“Insurance” and “coverage” are warm, benign-sounding words. The more the better. With “universal” and “comprehensive” coverage, everyone would be safe and secure, right? There would be no more worries about health care bankruptcy, for example.
People have gotten their photos in the newspaper for not having enough coverage. They’ve had cancer, and the only treatment that might help them has been ruled “experimental” and, therefore, not covered. Chances are, they got it anyway — with help from family, friends, total strangers and likely a loan from the bank. But there are other possible meanings for coverage. It can be stifling, restrictive and limiting. It can refer to six feet of earth. With a health plan, bankruptcy protection is for the plan, not the subscribers who may be forking over $600 a month in lost earnings.
What isn’t in the newspaper is the story of people like Sandra Lobb. She is dead, by the way. Her treatment was covered. But some insurance functionary decided that “given Sandy’s age and her condition, the cost of the care being prescribed can’t be justified.”

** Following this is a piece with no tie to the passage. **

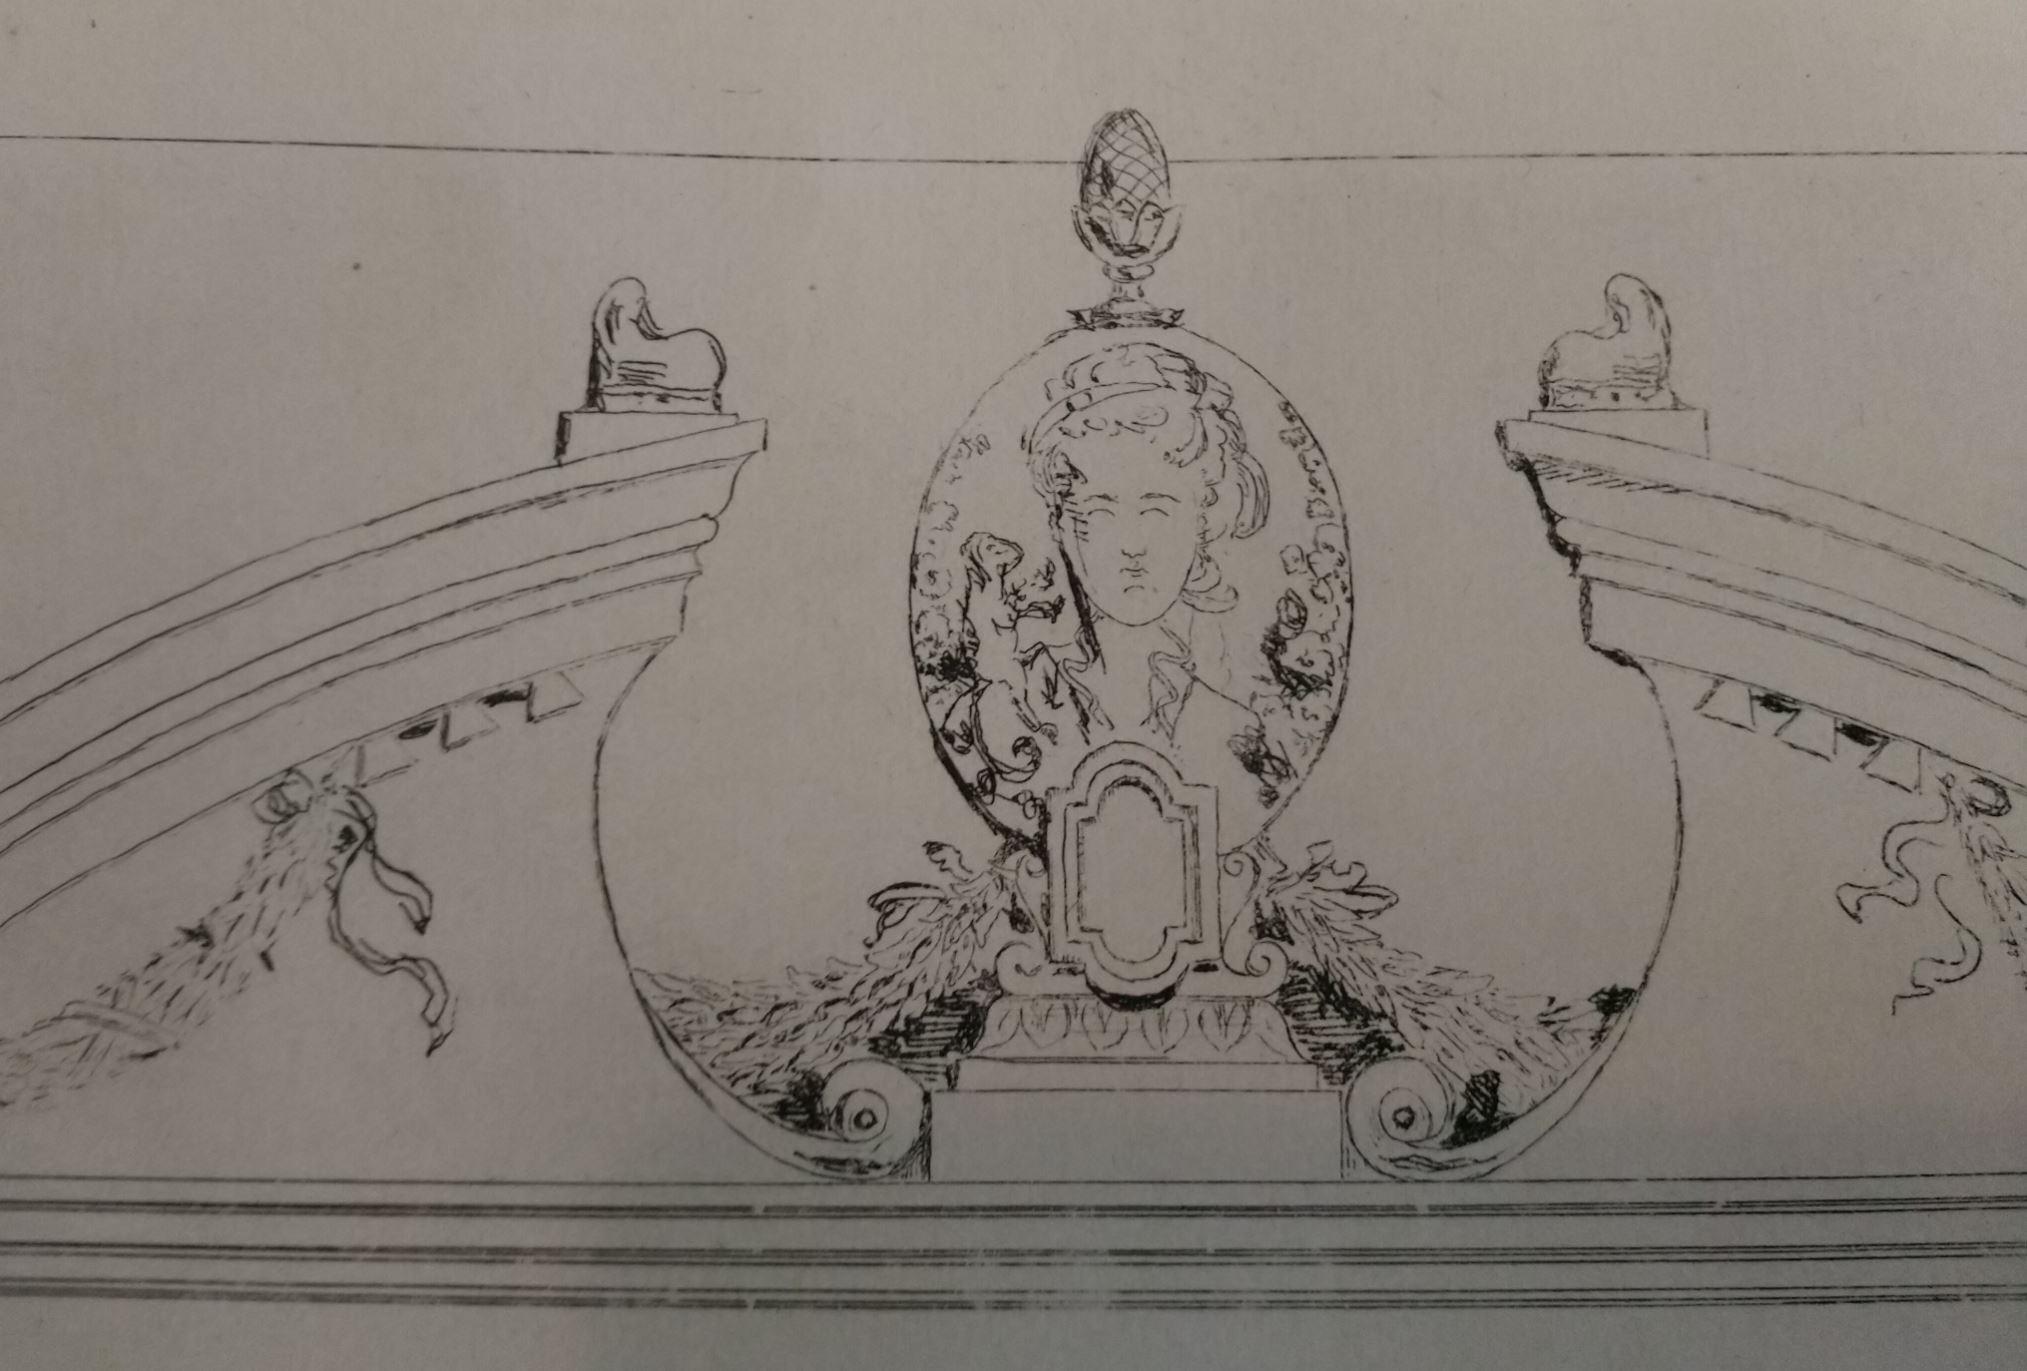 Leopold Armand Hugo BNF Facade de meuble detail 1

The cost was about $7,000, and her husband wanted to pay it. But the hospital refused the money and insisted on discharging the patient. No other facility would take her. They all turned down the money — in the United States of America, not Canada. Imagine that: capitalists refusing payment. How can that be?
Frank Lobb, a businessman, spent 10 years in litigation, trying to figure out how he could have been allowed to pay for his wife’s medical care. The key, it turns out, is what he calls “the beating heart of the managed-care industry’s business plan.” It is a secret the industry tries very hard to keep hidden in plain sight.
By state law, virtually all provider contracts contain the innocuous-sounding Enrollee Hold Harmless Clause, written by the National Association of Insurance Commissioners. Officials will say, and possibly believe, that its purpose is to protect subscribers against “balance billing,” extra charges not covered by their insurance company. What the clause does is serve as an absolute bar to providers accepting any payment beyond deductibles and co-payment from any source outside the plan for any “covered” treatment. A service is “covered” if it is available under the plan, even if the plan denies it in an individual case like Sandy’s.
The clause is needed for insolvency protection — for the health plan.
Unlike true casualty insurance, health plans make open-ended promises to provide all “necessary and appropriate” care. Under Obamacare, no lifetime limits are allowed. Thus, the plan needs some method of controlling its costs. While the plan cannot lawfully make medical decisions itself, the Enrollee Hold Harmless Clause gives it tremendous power to ensure that its contracted providers agree with its determinations. Otherwise, they cannot be paid.
In his book “The Great Health Care Fraud,” Mr. Lobb prints the Enrollee Hold Harmless Clause and other documents that he was able to obtain only through legal process. If you are buying health coverage for yourself or your employees, check whether your plan has this clause in its contracts with providers. You need to read those contracts. Remember that with third-party payment, your doctor is working for the payer, not for you. When you buy the plan, you may not only be turning over the premium payment to the plan, but also forfeiting the right to use your own money to buy covered-but-denied lifesaving treatment from any contracted provider.
Most people are happy with their plans. But then, most people are healthy. Plans may be doing well currently, but with exploding demand and limited revenues, their financial situation could deteriorate rapidly. If it does, don’t expect your life will have a higher priority than Obamacare’s bottom line.
Dr. Jane M. Orient practices internal medicine in Tucson, Ariz., and is executive director of the Association of American Physicians and Surgeons (aapsonline.org).